Work to complete ▸
No pictures in the copy. Write out the listing below exactly.

Source data ▸
══════════════════════════════

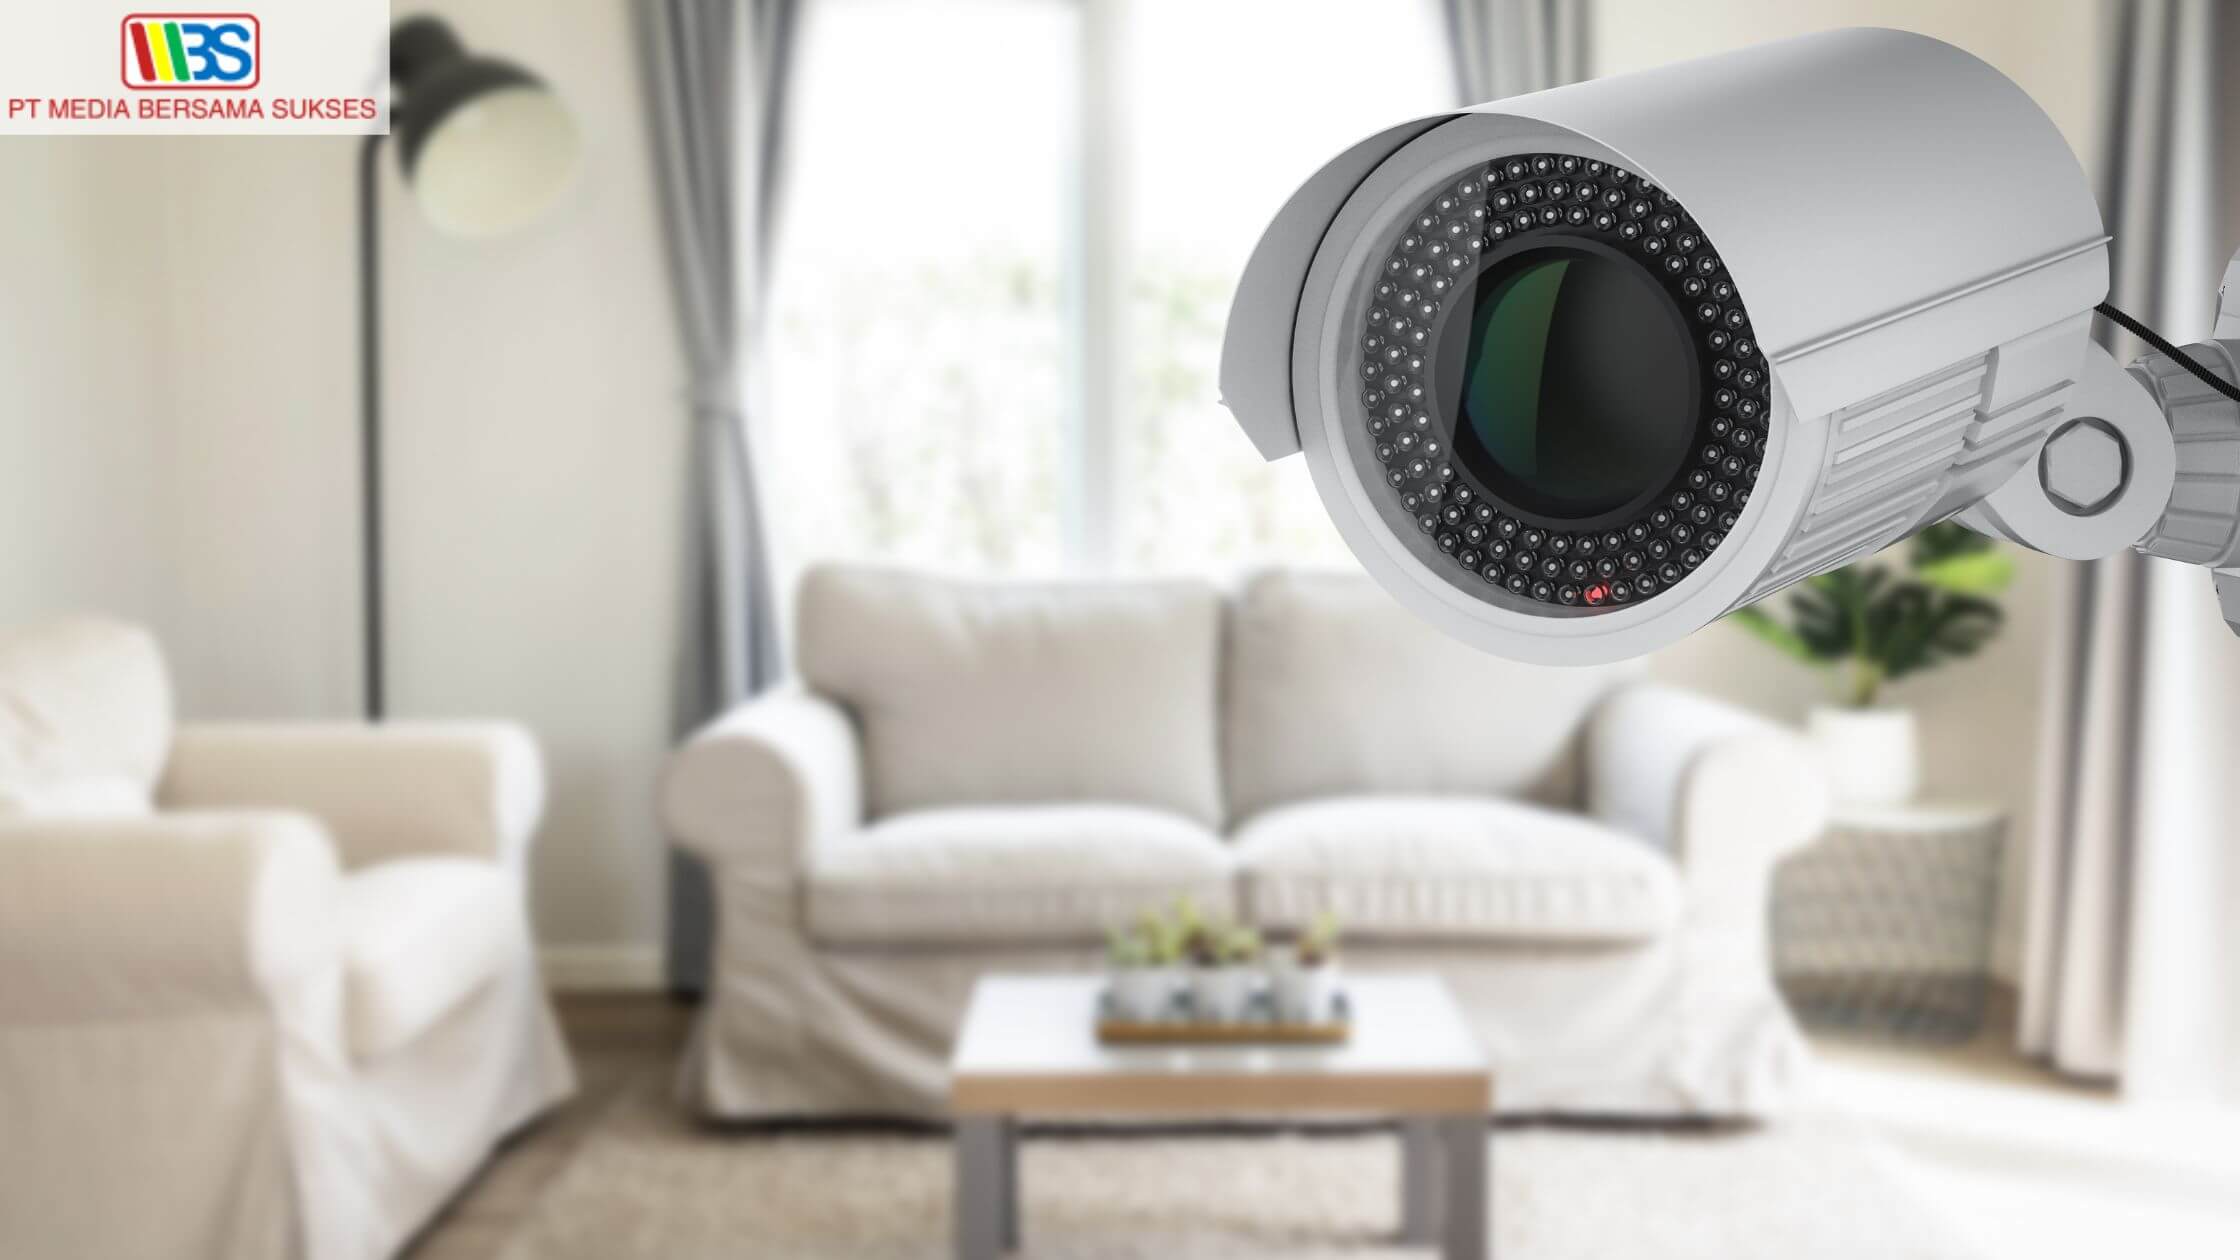 Jenis CCTV Rumah Terbaik, Perhatikan Karakteristiknya!
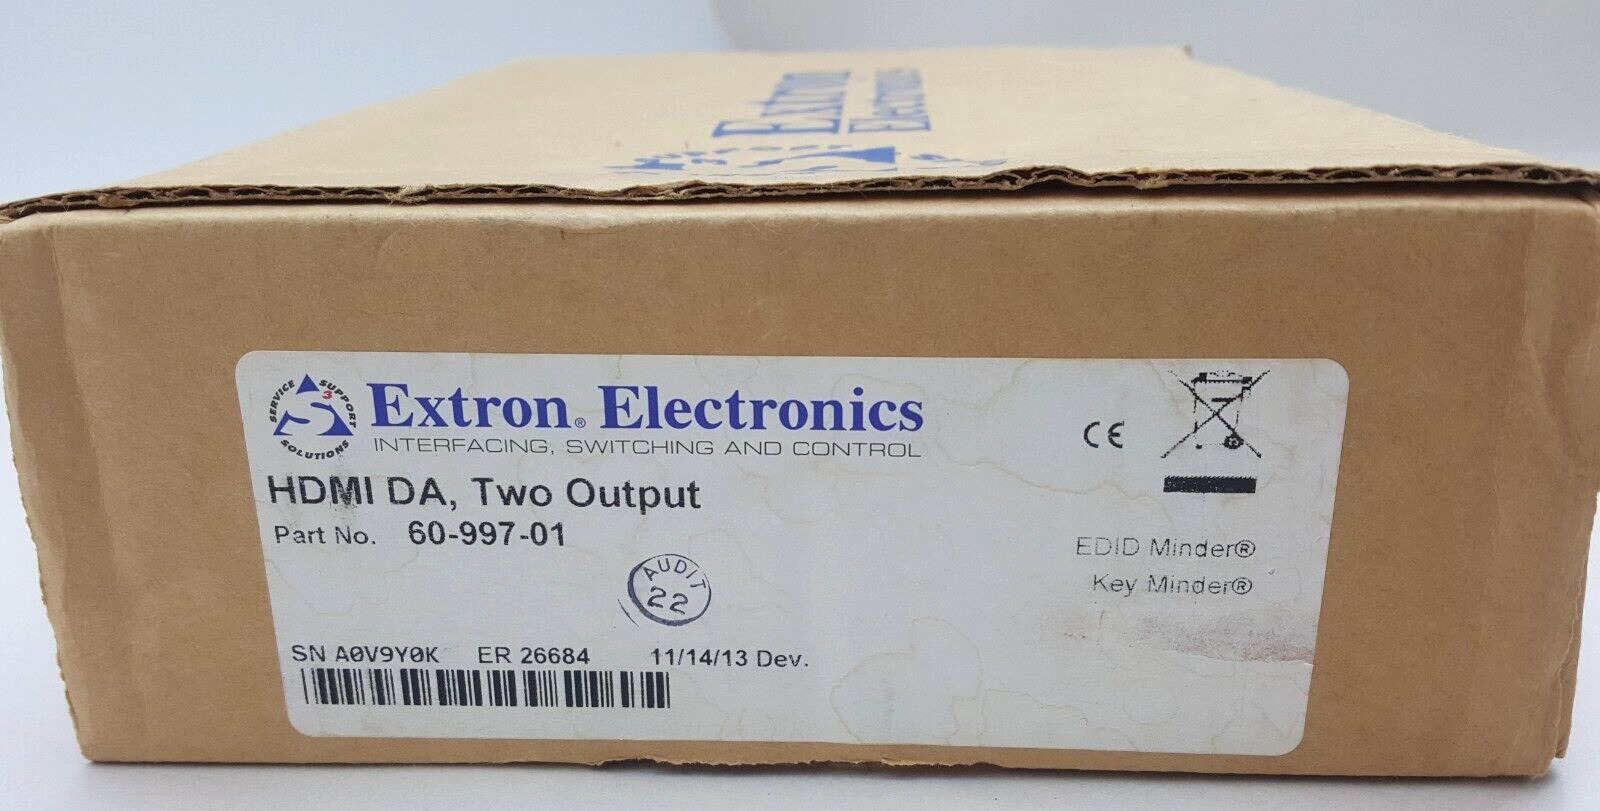 Extron Electronics HDMI DA, Two Output 60-997-01
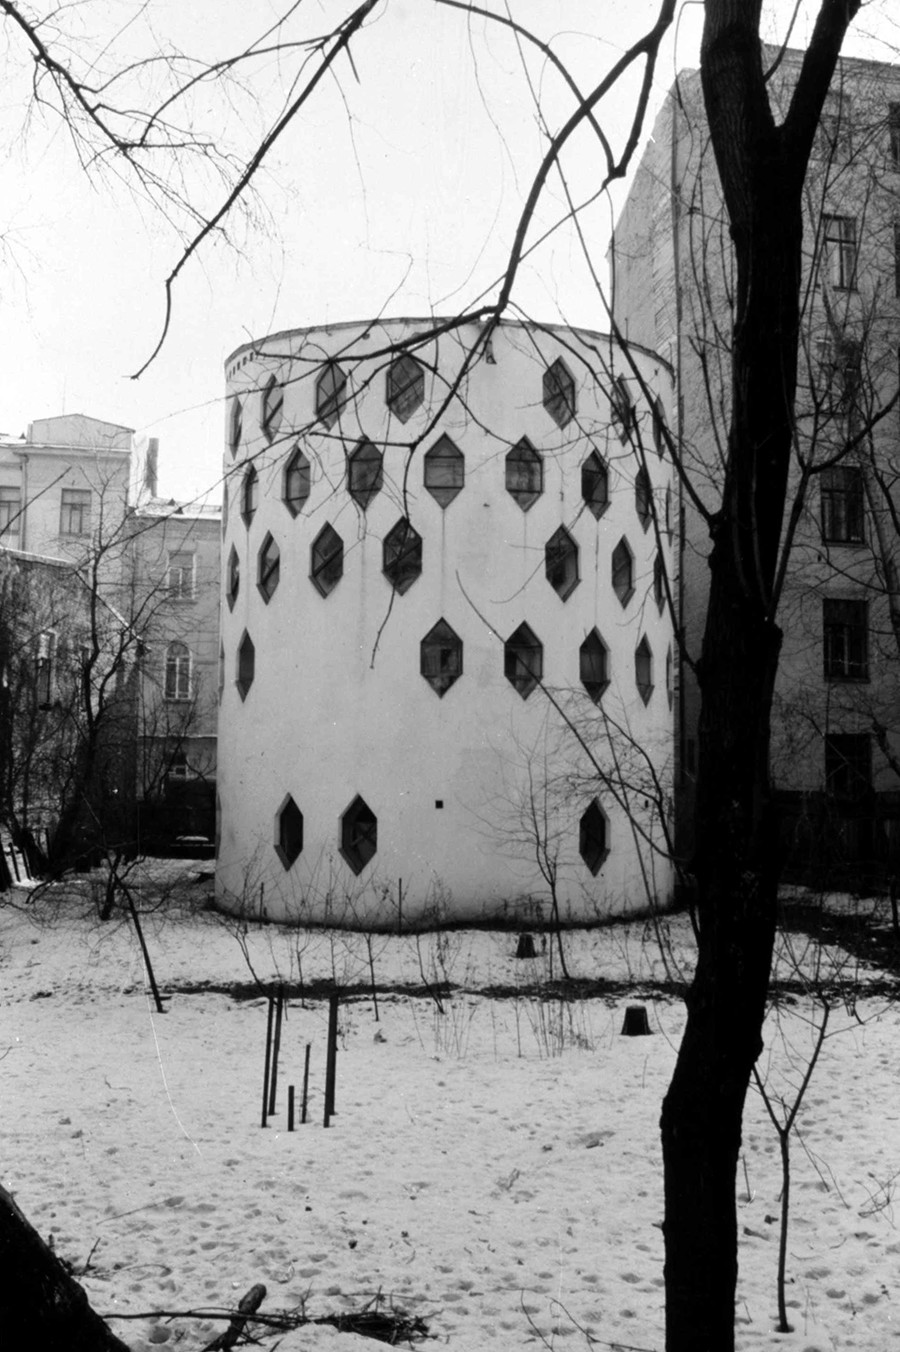 Moskau: Melnikow-Haus (1927), Foto 1984. Hier baute sich der sowjetische Architekt Konstantin Melnikow ein Studio und Einfamilienhaus. Da damals jedes Privateigentum verstaatlicht und Massenwohnblocks errichtet wurden, war das eine Ausnahme.  Das Haus war als Prototyp für spätere Rundbauten gedacht.

══════════════════════════════

Reply ▸
 Jenis CCTV Rumah Terbaik, Perhatikan Karakteristiknya!
 Extron Electronics HDMI DA, Two Output 60-997-01
 Moskau: Melnikow-Haus (1927), Foto 1984. Hier baute sich der sowjetische Architekt Konstantin Melnikow ein Studio und Einfamilienhaus. Da damals jedes Privateigentum verstaatlicht und Massenwohnblocks errichtet wurden, war das eine Ausnahme.  Das Haus war als Prototyp für spätere Rundbauten gedacht.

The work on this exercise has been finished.